Norman Care loved to write. He lectured widely on many subjects, and his numerous articles and essays appeared in a wide variety of publications. The three books which he published reveal much about him as both a professional philosopher and a human being. While social and political considerations are central to them, they deal less with the structures of societies than with the demands which morality places on individuals within those societies. Taken together, they constitute a position that might be called “anti-moralistic moralism.”

Norman was a moral rigorist who rejected any form of relativism and was more at home with Kant than with any other major ethicist. In On Sharing Fate (1987), he argued that worldwide destitution and environmental degradation place severe moral demands upon us. In this respect, he was an idealist. In his other two books, though, he attacked the judgmentalism that so often accompanies high ideals.

Living with One’s Past: Personal Fates and Moral Pain (1996) and Decent People (2000) both argue against what Norman called “persona moralism,” the moralistic view of persons as abstract and unified moral agents who are routinely censured for failing to do what they should. He was interested in the variegated moral lives of real people and in the process of “moral recovery” by which they can recover a sense of moral agency.

Norman combined high moral ideals with a realistic conception of human capacities and hopes for moral improvement. This was not merely a philosophical position, for it reflected the deep respect for persons that was at his core. He had known times when his own life, productive as it was, had to be lived “one day at a time.” He deeply empathized with people who were doing their best to be “decent people,” and he wanted to assist them.

Many people will testify to Norman’s deep humanity. He was a wonderful listener. Talks with him would range from the abstractly philosophical to the mundanely collegial to the deeply personal. Always he would be there for us, listening and reacting, with a twinkle in his eye and a gentle laugh.

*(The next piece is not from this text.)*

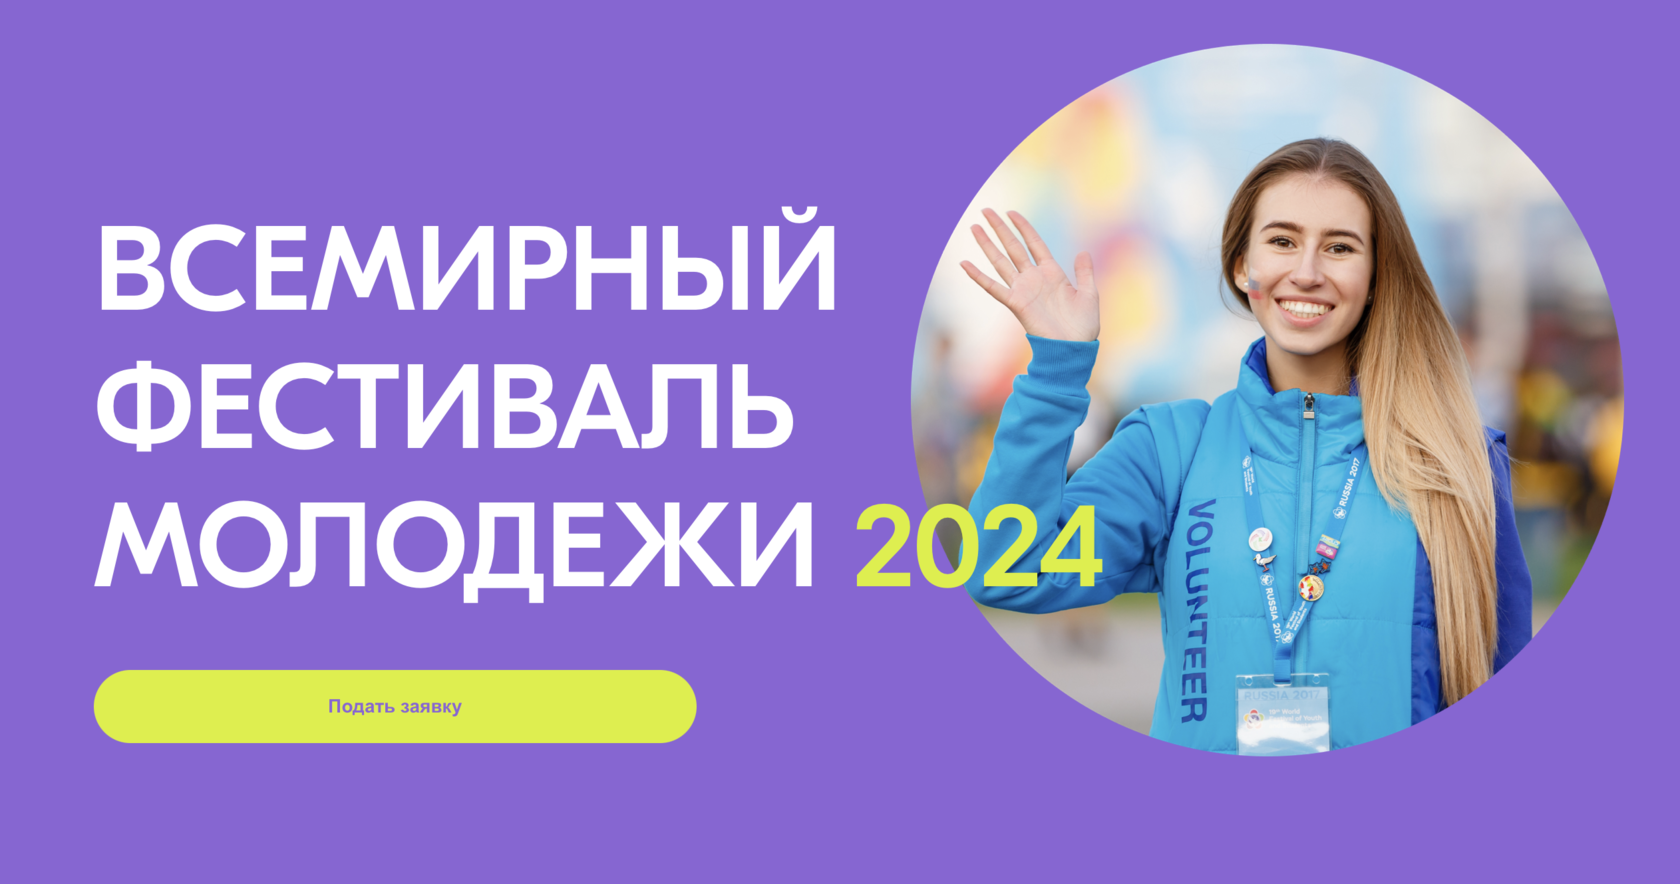 Сколько добровольцев набрали в россии в 2024. Всемирный фестиваль молодё2024. Всемирный фестиваль молодёжи и студентов 2024. О фестивале молодежи в 2024 году. Волонтеры на фестиваль молодежи 2024.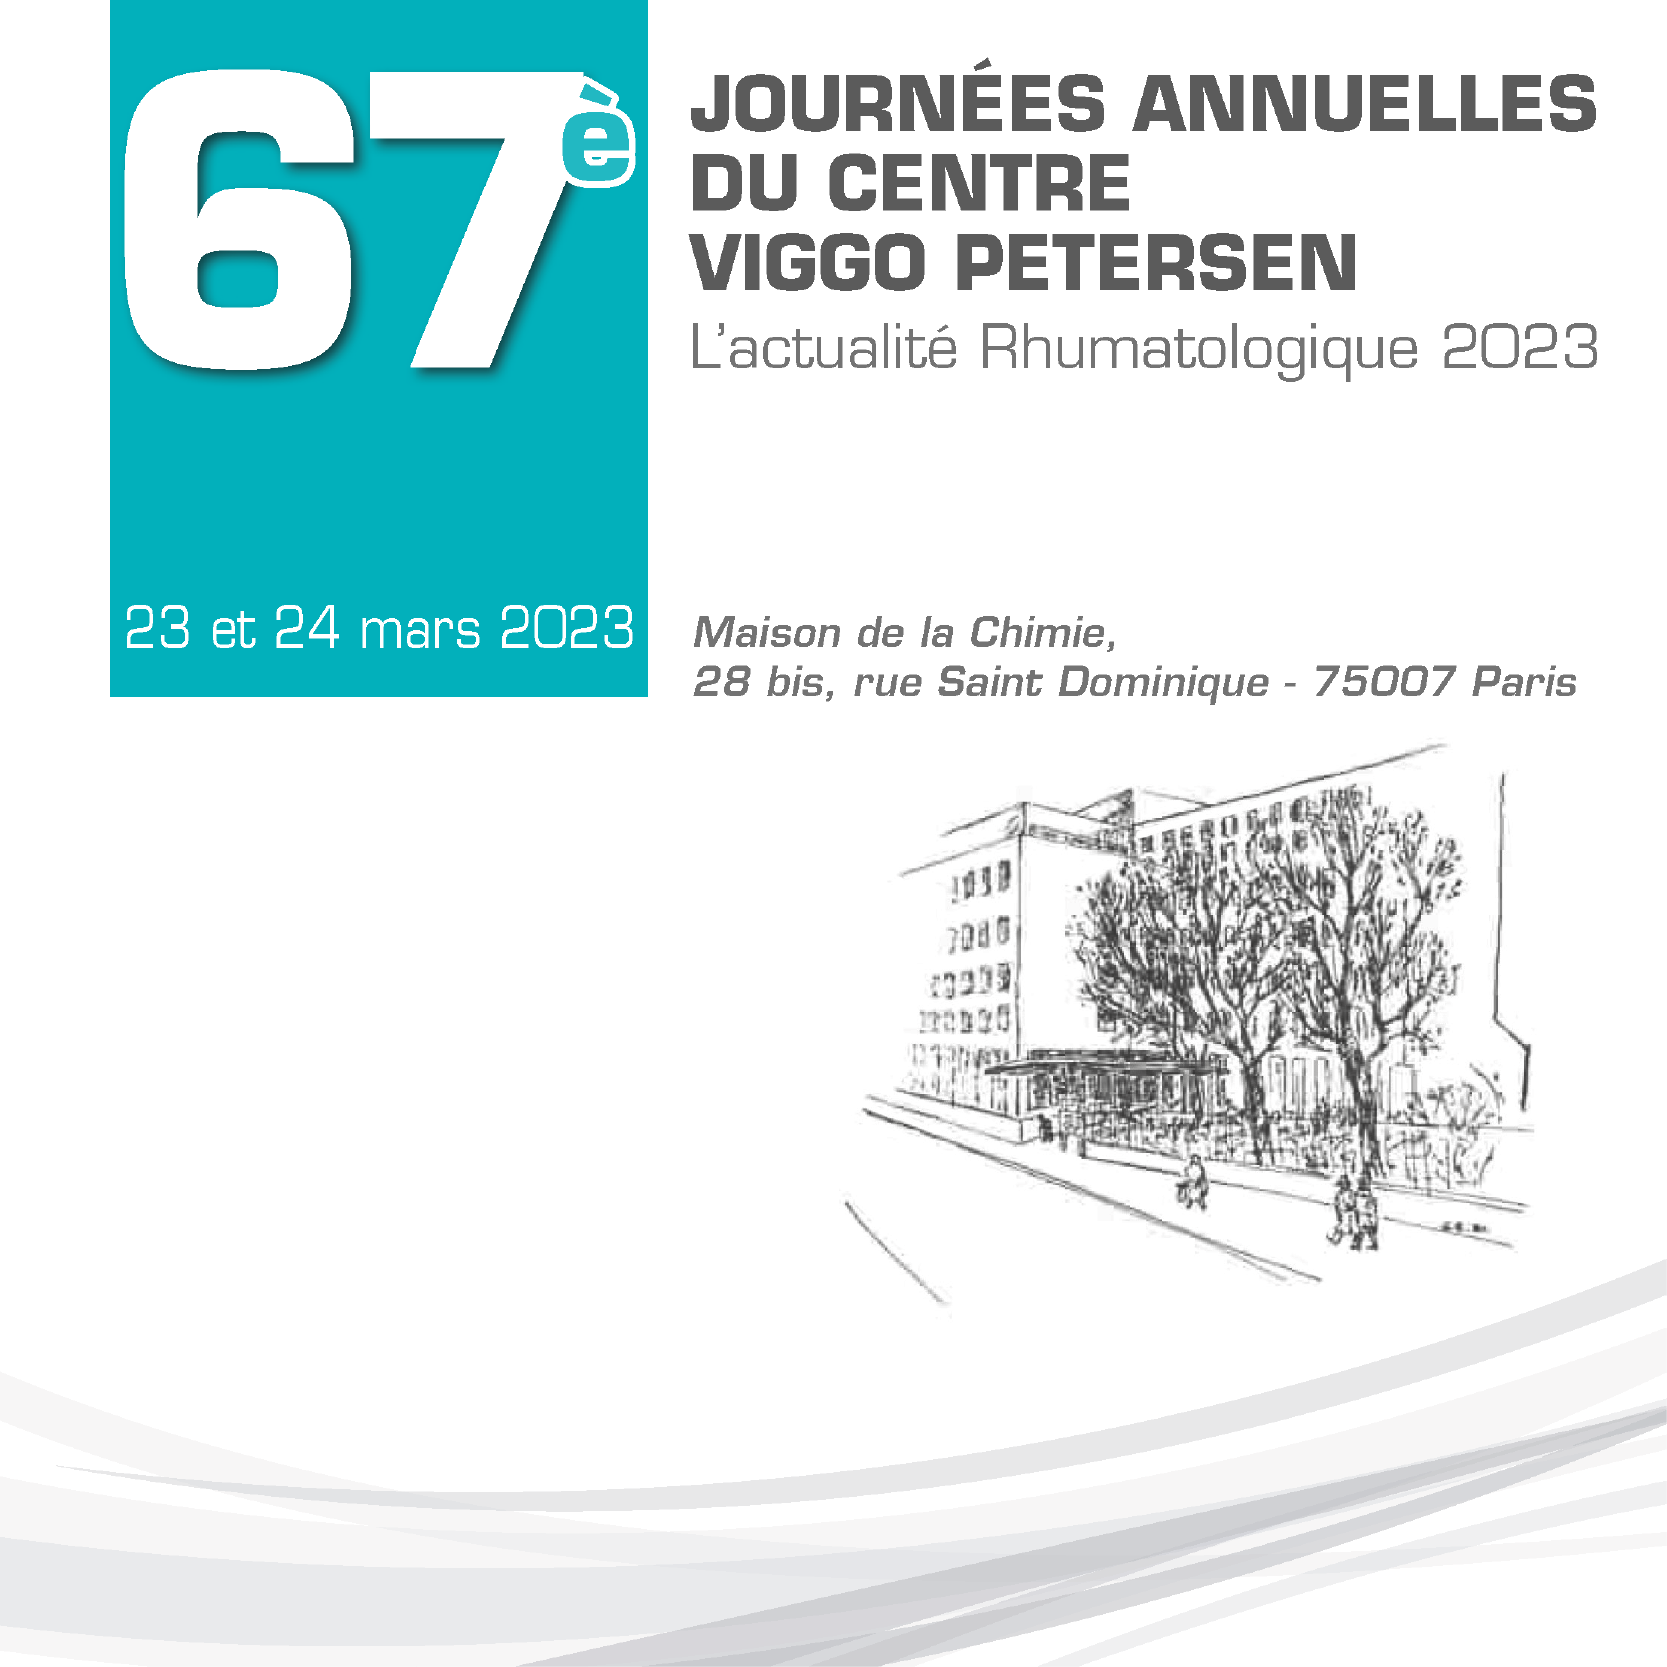 67es Journées annuelles du Centre Viggo Petersen - VIGGO 2023

Norman’s life testified to the importance of human relationships. The love, respect, and support which he and Barbara shared since high school were there for all to see. Equally obvious was his delight in talking about his children, Steven and Jennifer, and his grandchildren. The many people whose lives he touched miss him greatly.

Daniel D. Merrill is professor emeritus of Philosophy at Oberlin. This Memorial Minute was adopted by a rising vote of the General Faculty of Oberlin College on April 16, 2002.